(Recorded data):
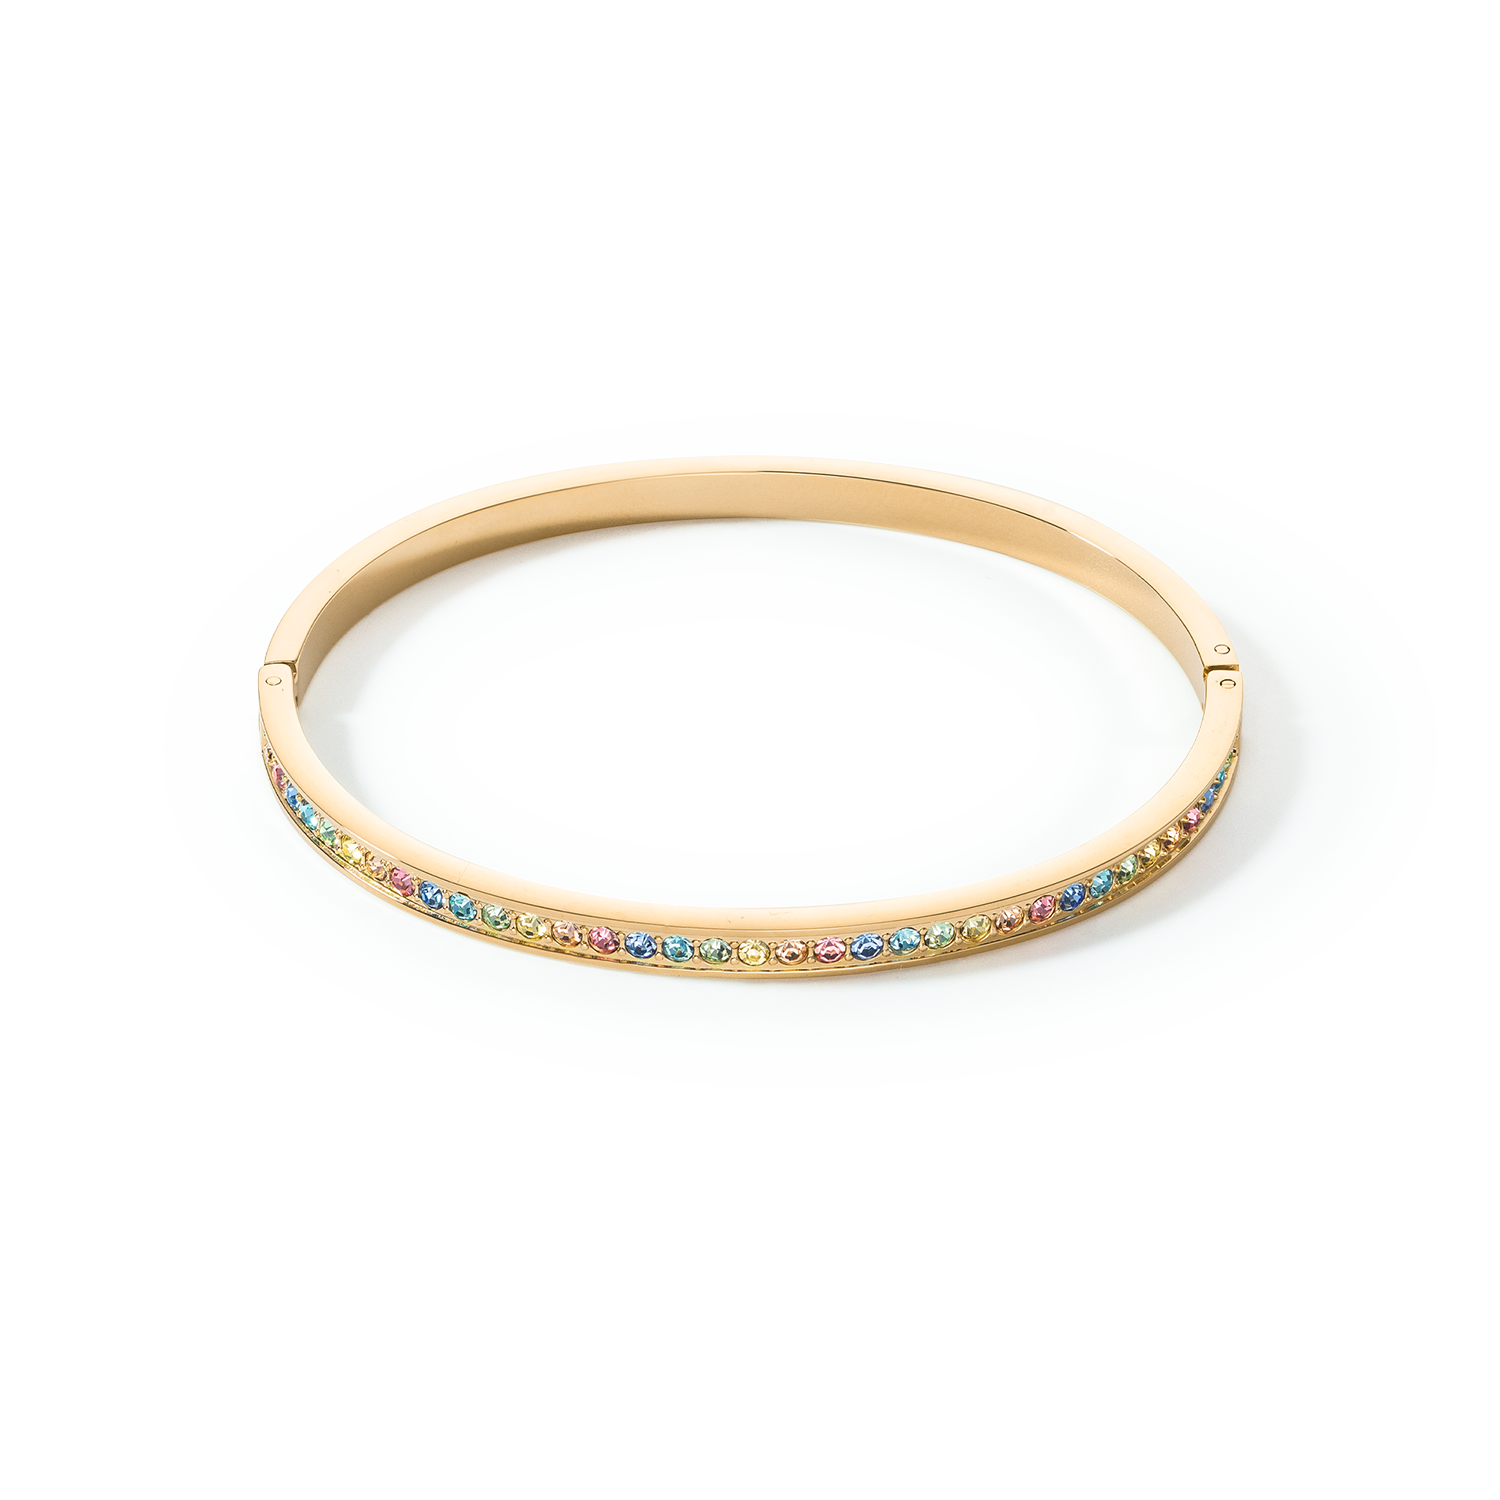 Bangle stainless steel & crystals slim gold multicolour pastel 17
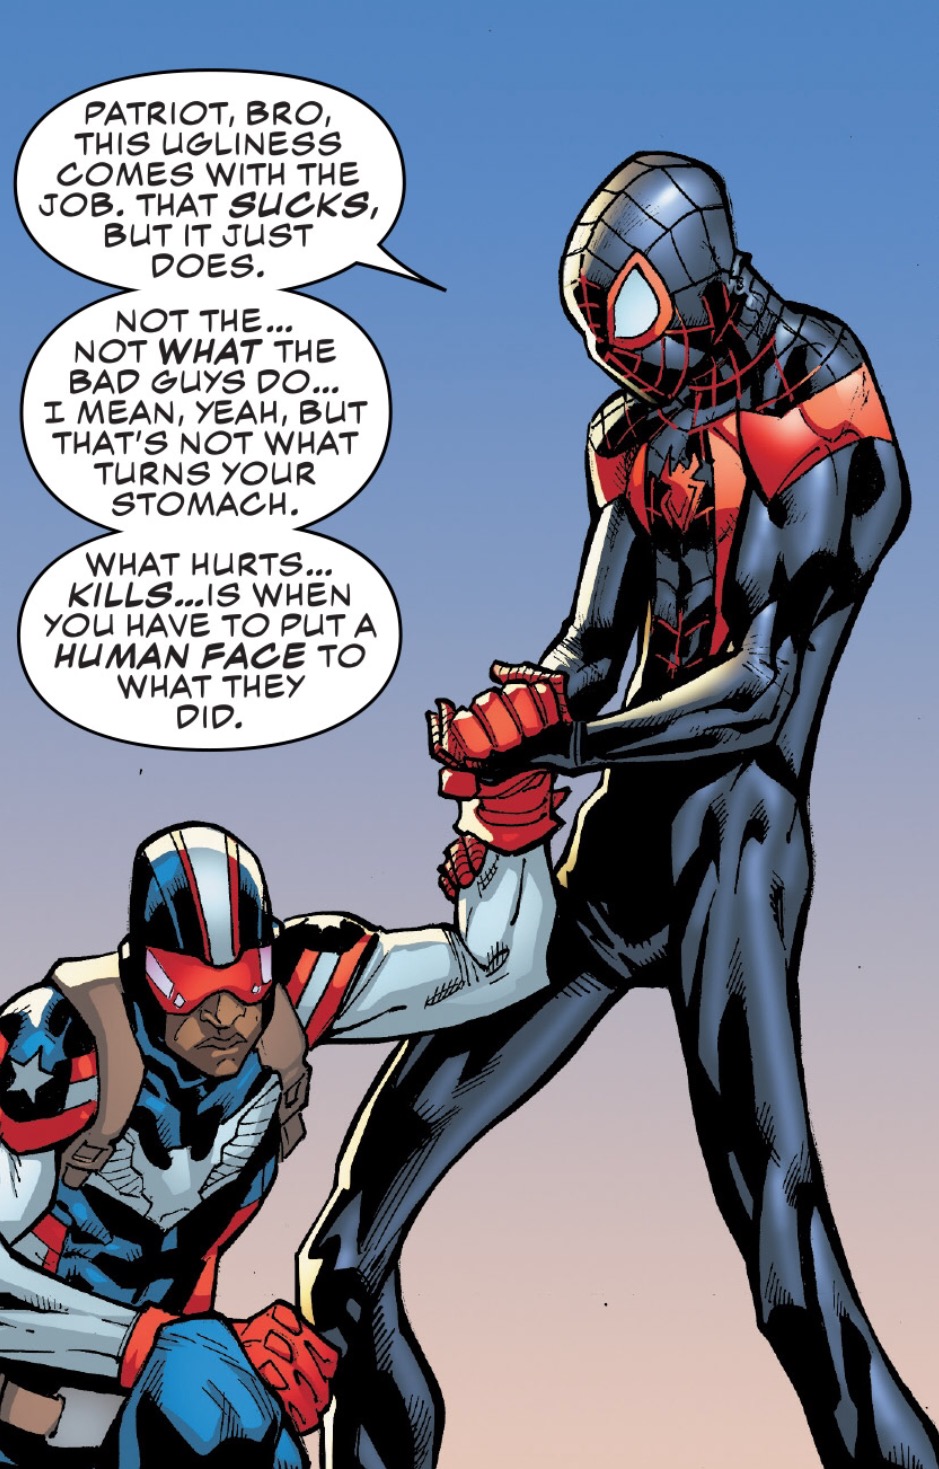 Spider Man and Patriot, from Champions #11
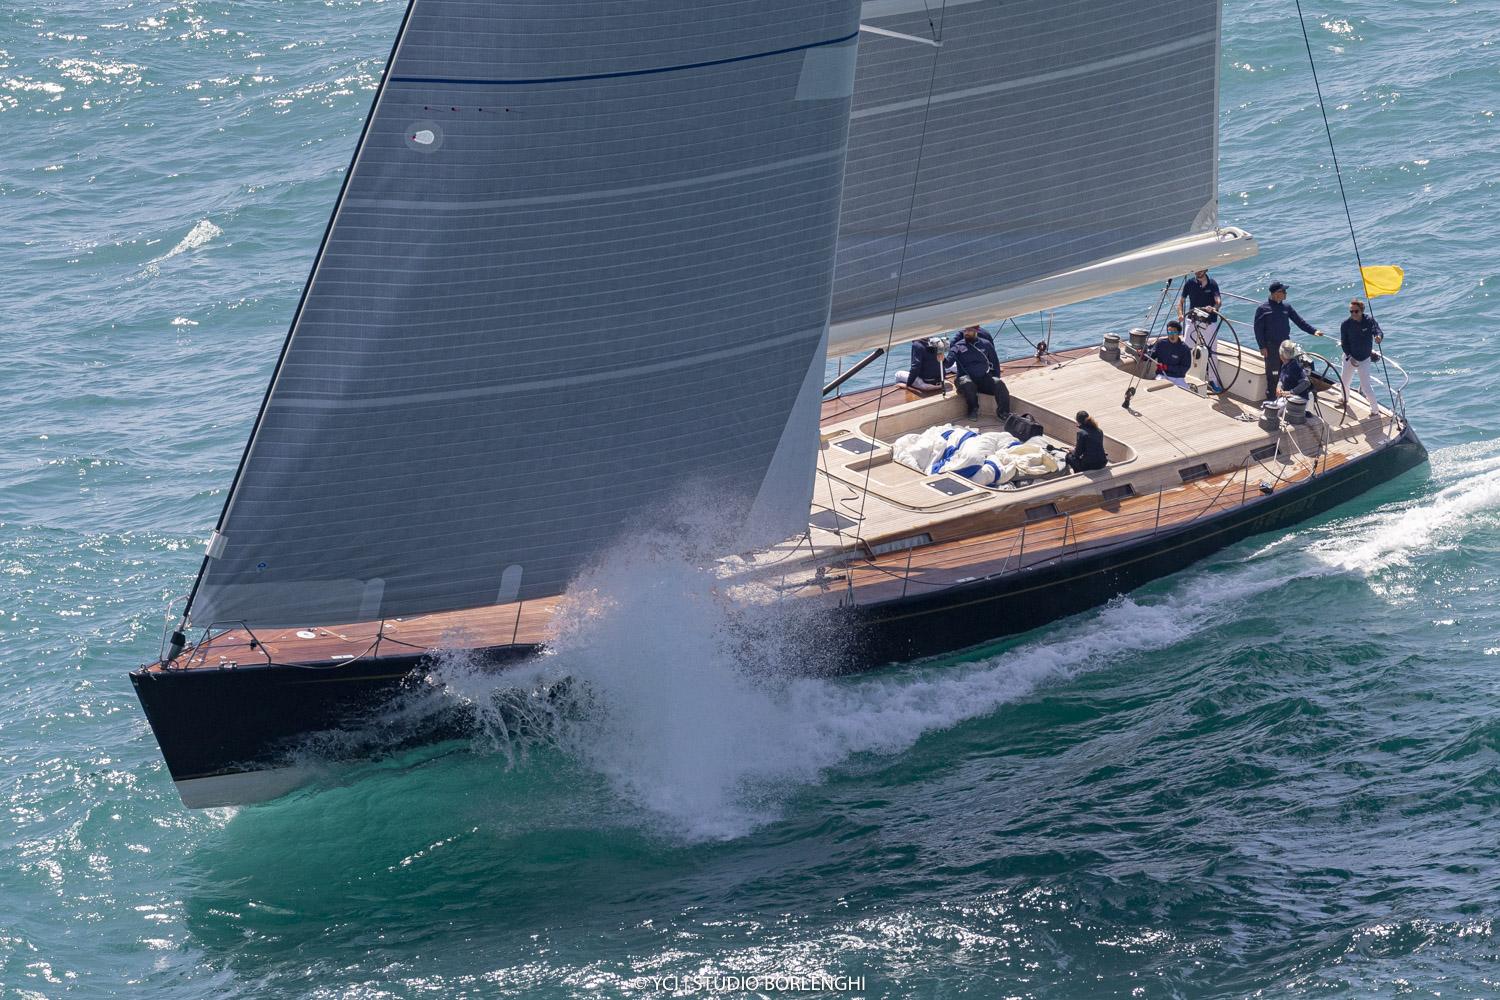 Wally supports magnificent return of Maxi racing to Portofino

(Task to complete):
For this exercise, return the data above exactly and leave every picture out.

(Expected answer):
 Bangle stainless steel & crystals slim gold multicolour pastel 17
 Spider Man and Patriot, from Champions #11
 Wally supports magnificent return of Maxi racing to Portofino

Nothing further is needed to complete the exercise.